What to work on: Return the full listing character for character, without its pictures.

Input data:
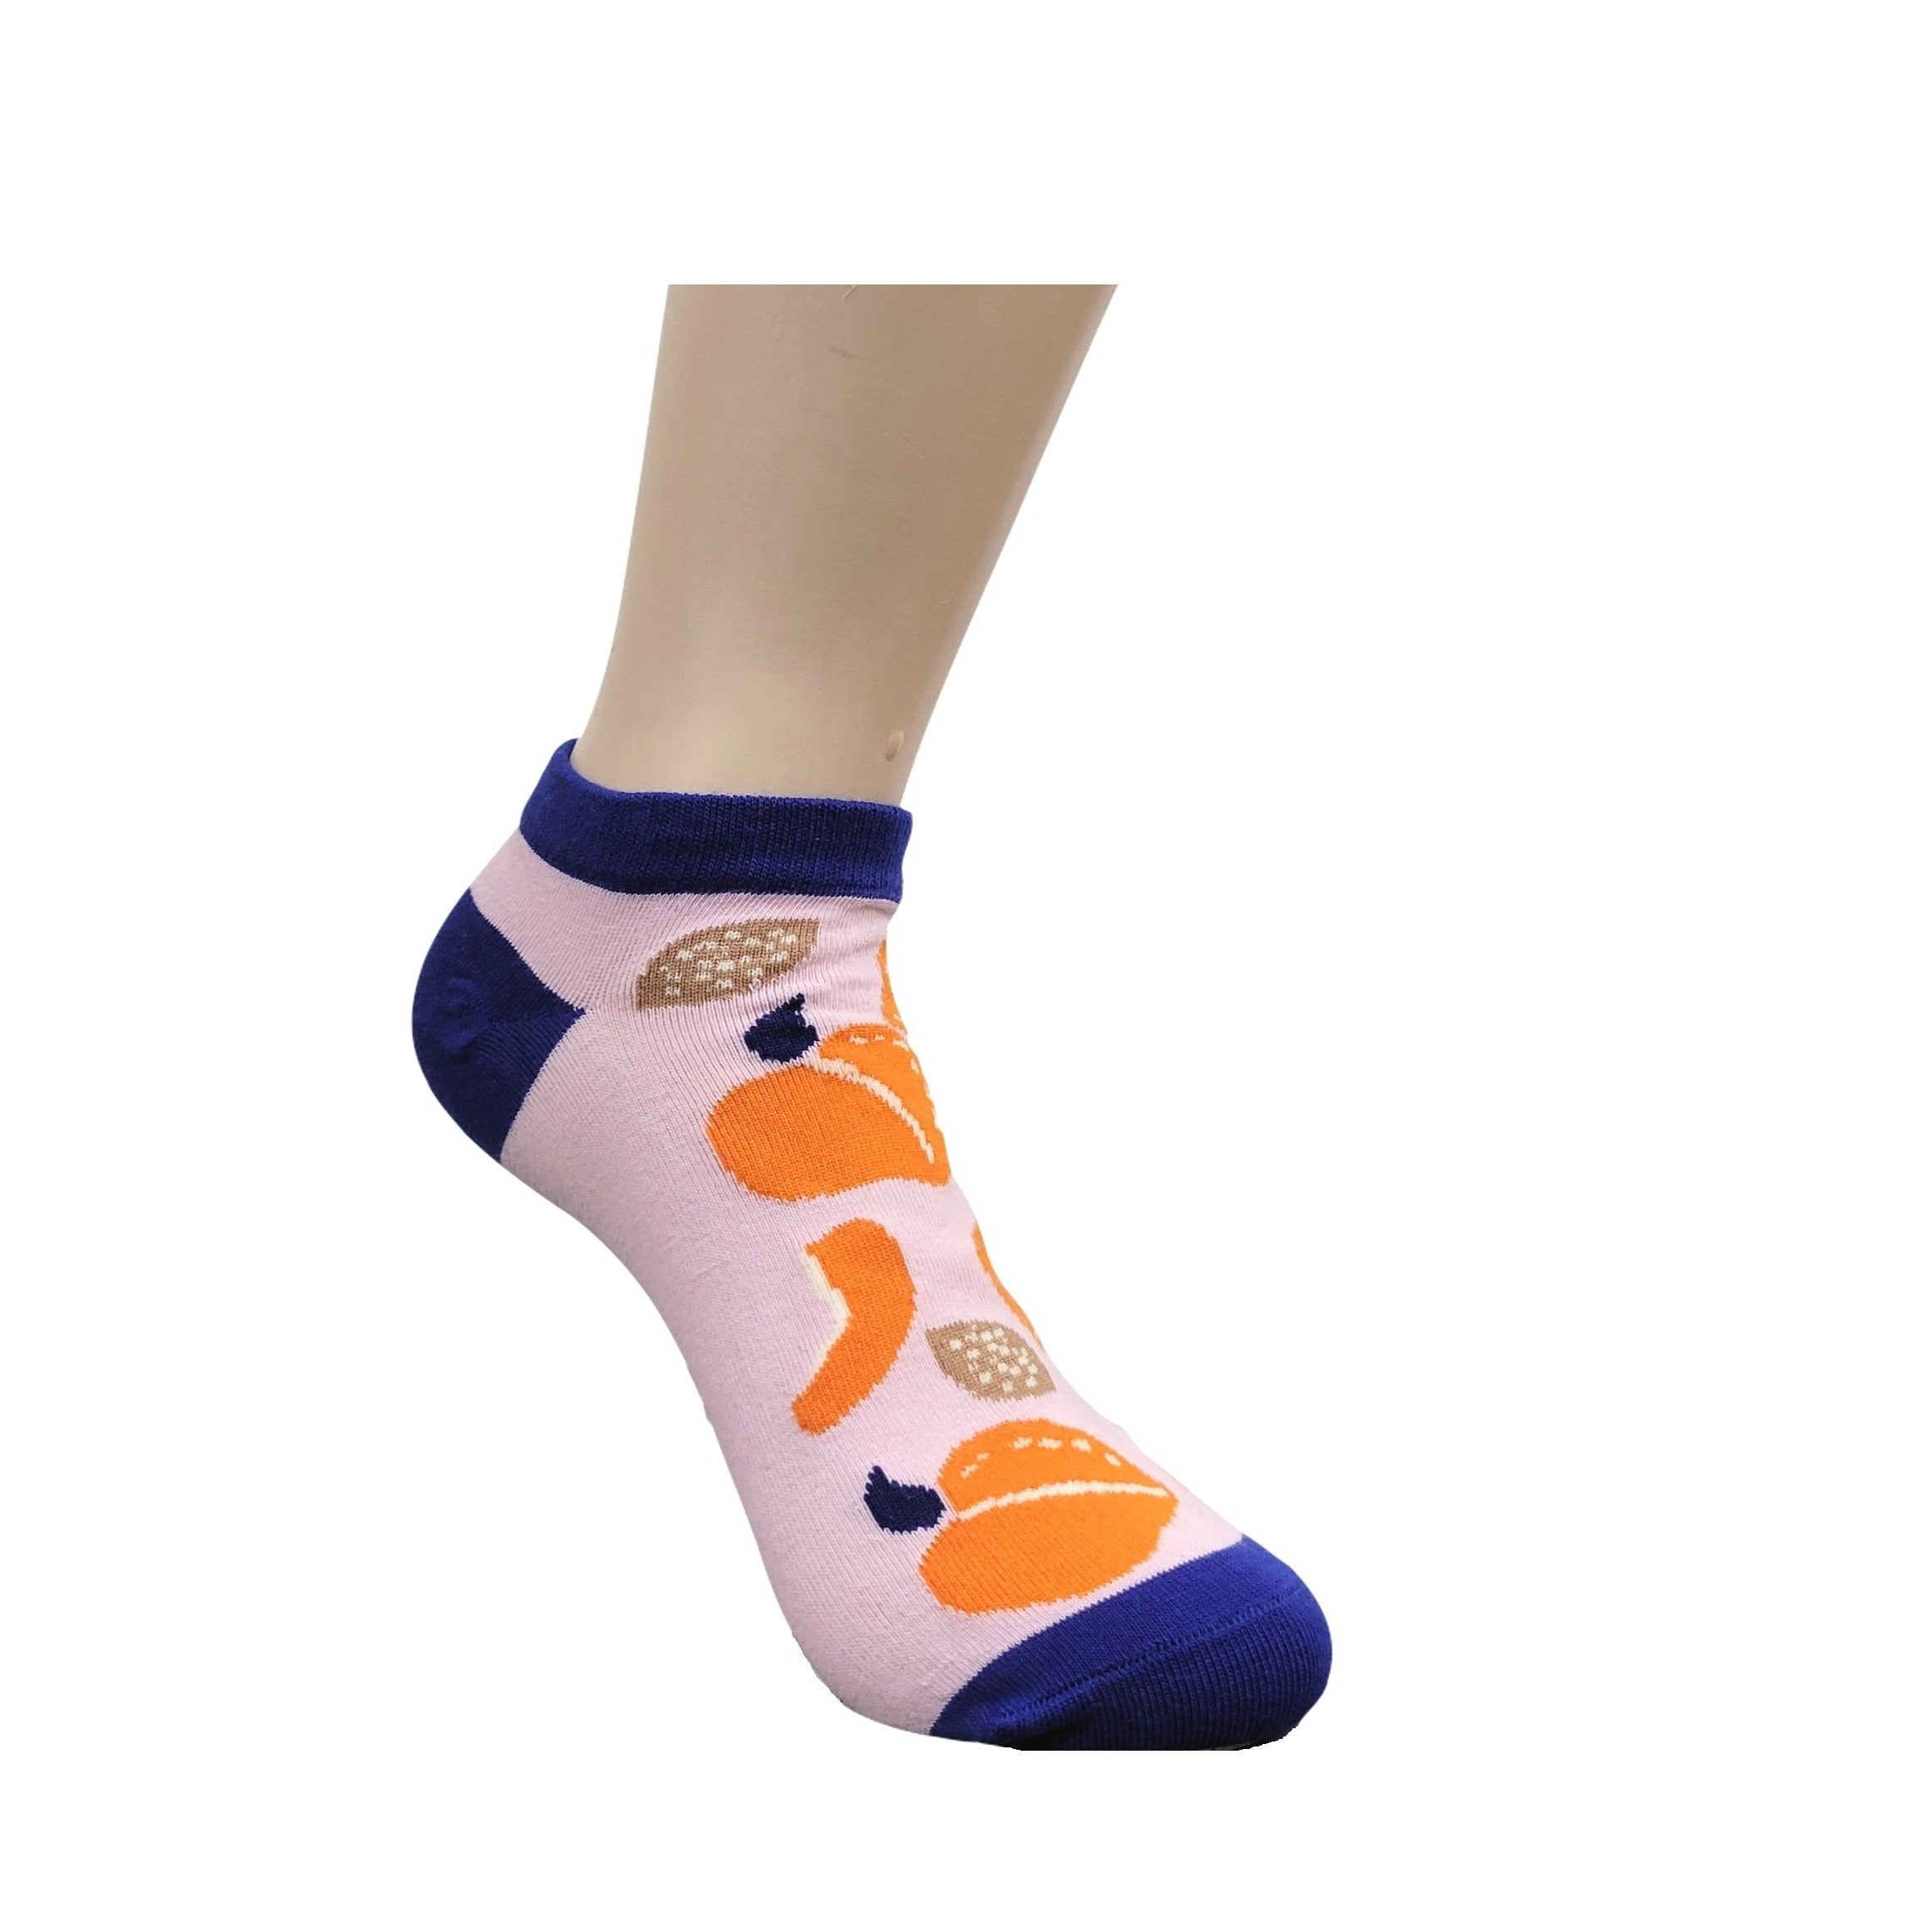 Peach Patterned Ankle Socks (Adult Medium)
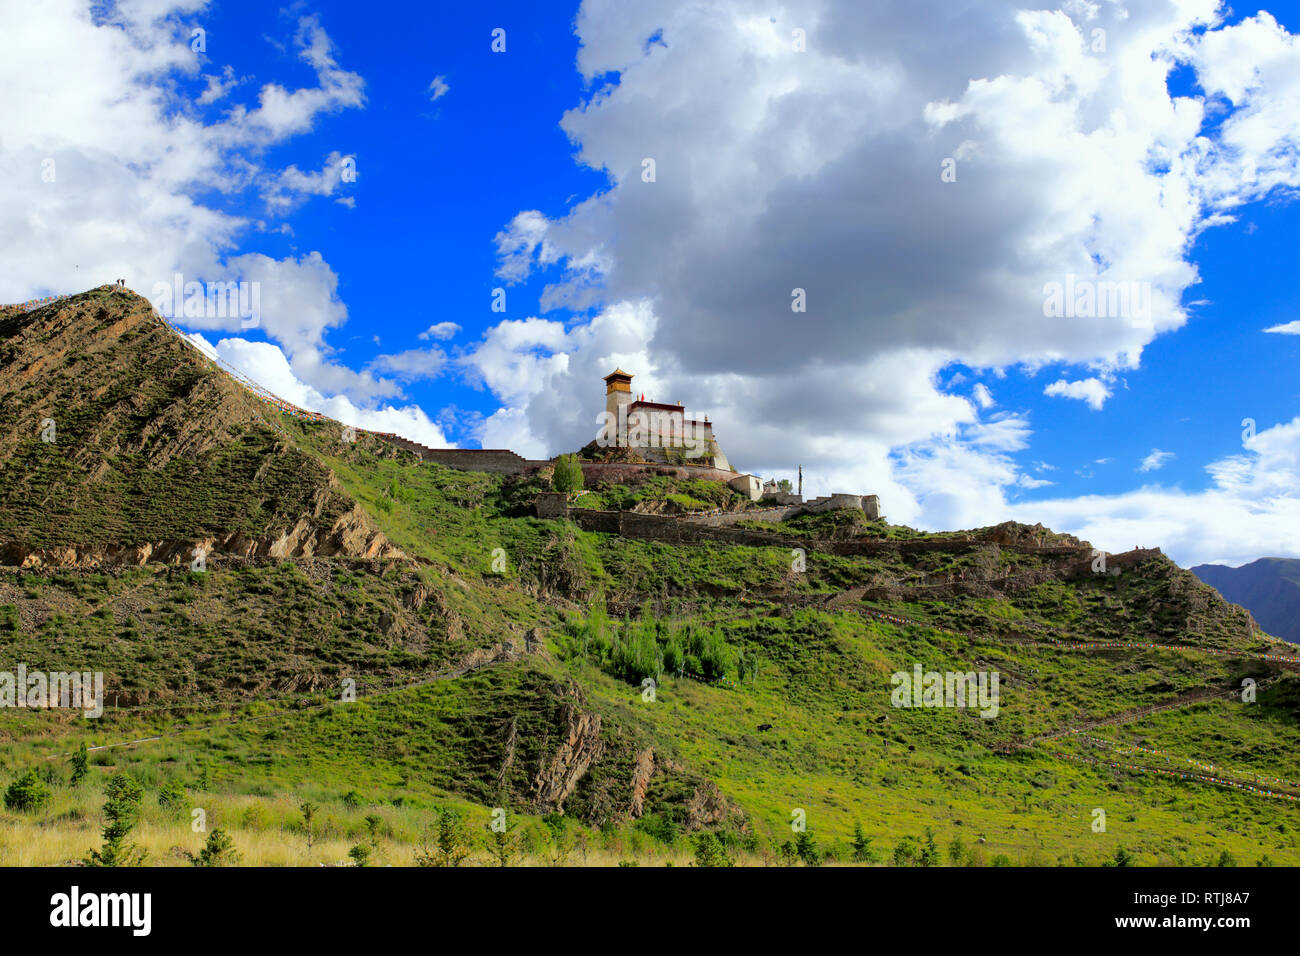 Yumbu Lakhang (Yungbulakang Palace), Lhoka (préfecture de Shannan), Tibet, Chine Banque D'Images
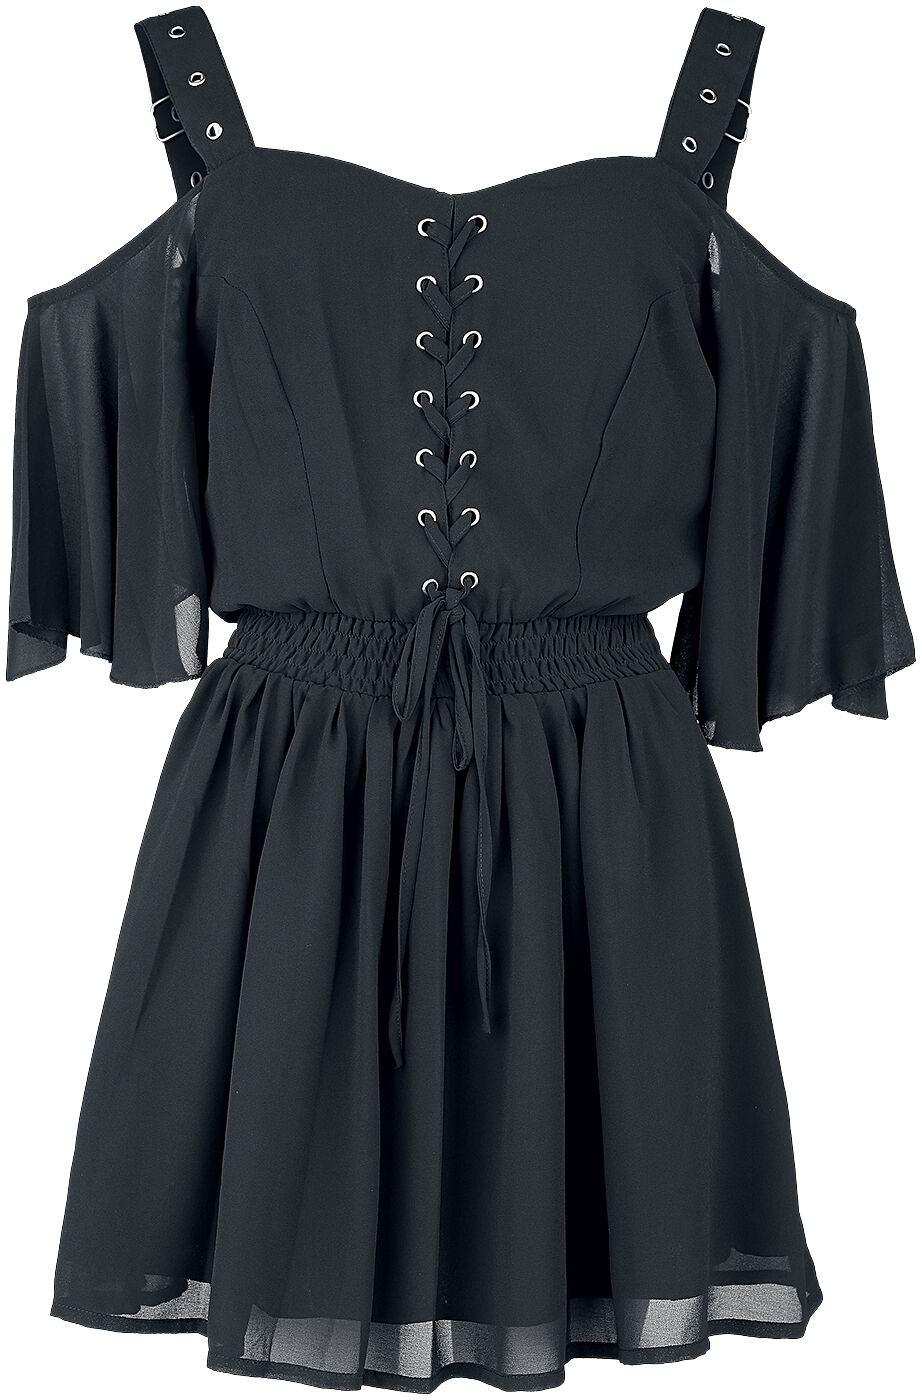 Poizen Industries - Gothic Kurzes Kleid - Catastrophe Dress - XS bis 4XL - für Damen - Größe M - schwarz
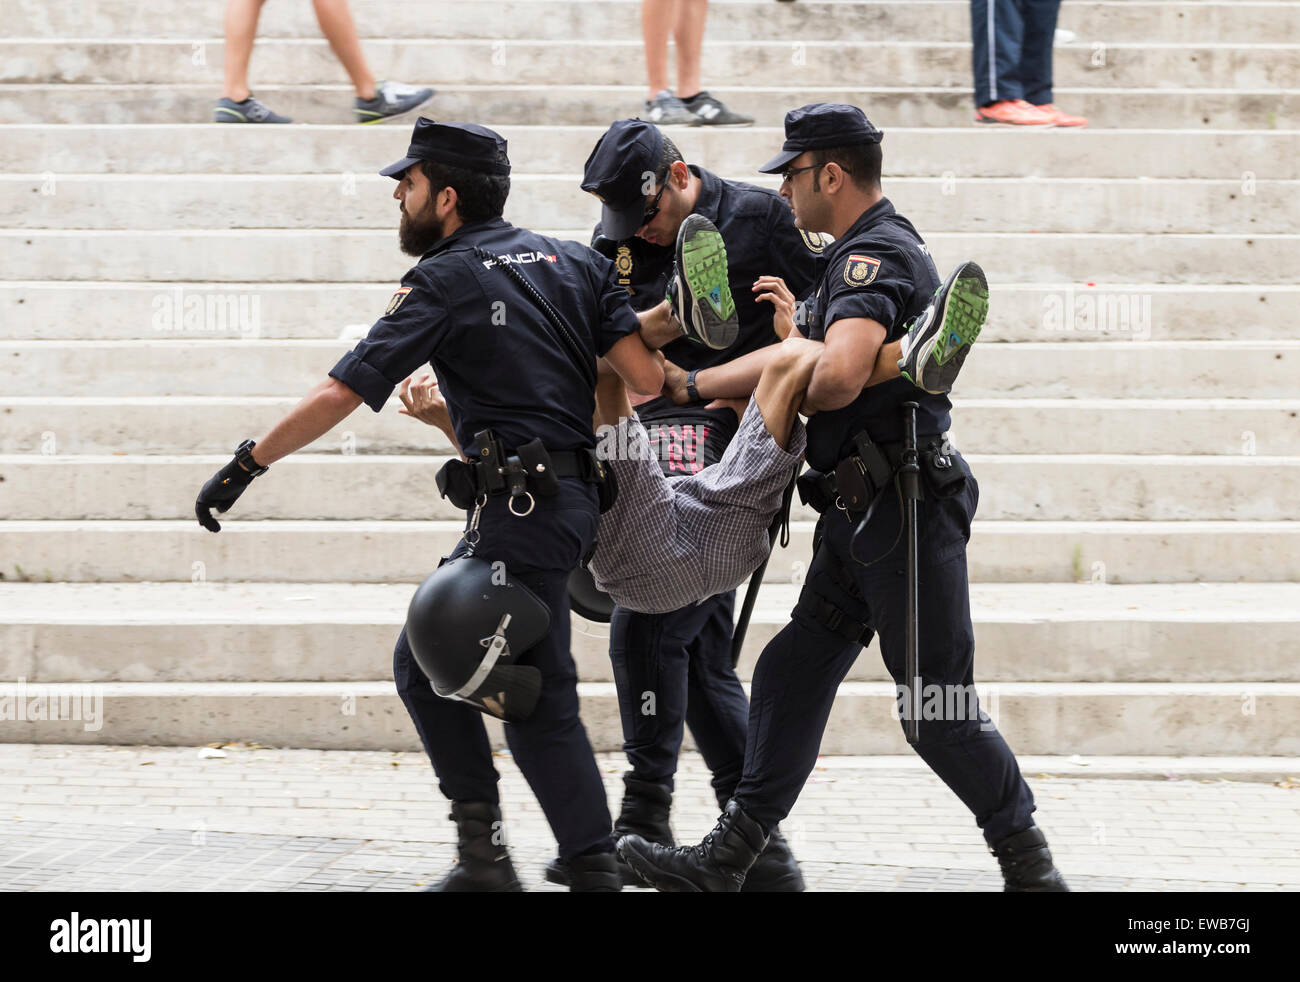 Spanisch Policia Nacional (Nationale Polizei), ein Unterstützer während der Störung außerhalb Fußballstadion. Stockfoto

Answer space:
 Peach Patterned Ankle Socks (Adult Medium)
 Yumbu Lakhang (Yungbulakang Palace), Lhoka (préfecture de Shannan), Tibet, Chine Banque D'Images
 Poizen Industries - Gothic Kurzes Kleid - Catastrophe Dress - XS bis 4XL - für Damen - Größe M - schwarz
 Spanisch Policia Nacional (Nationale Polizei), ein Unterstützer während der Störung außerhalb Fußballstadion. Stockfoto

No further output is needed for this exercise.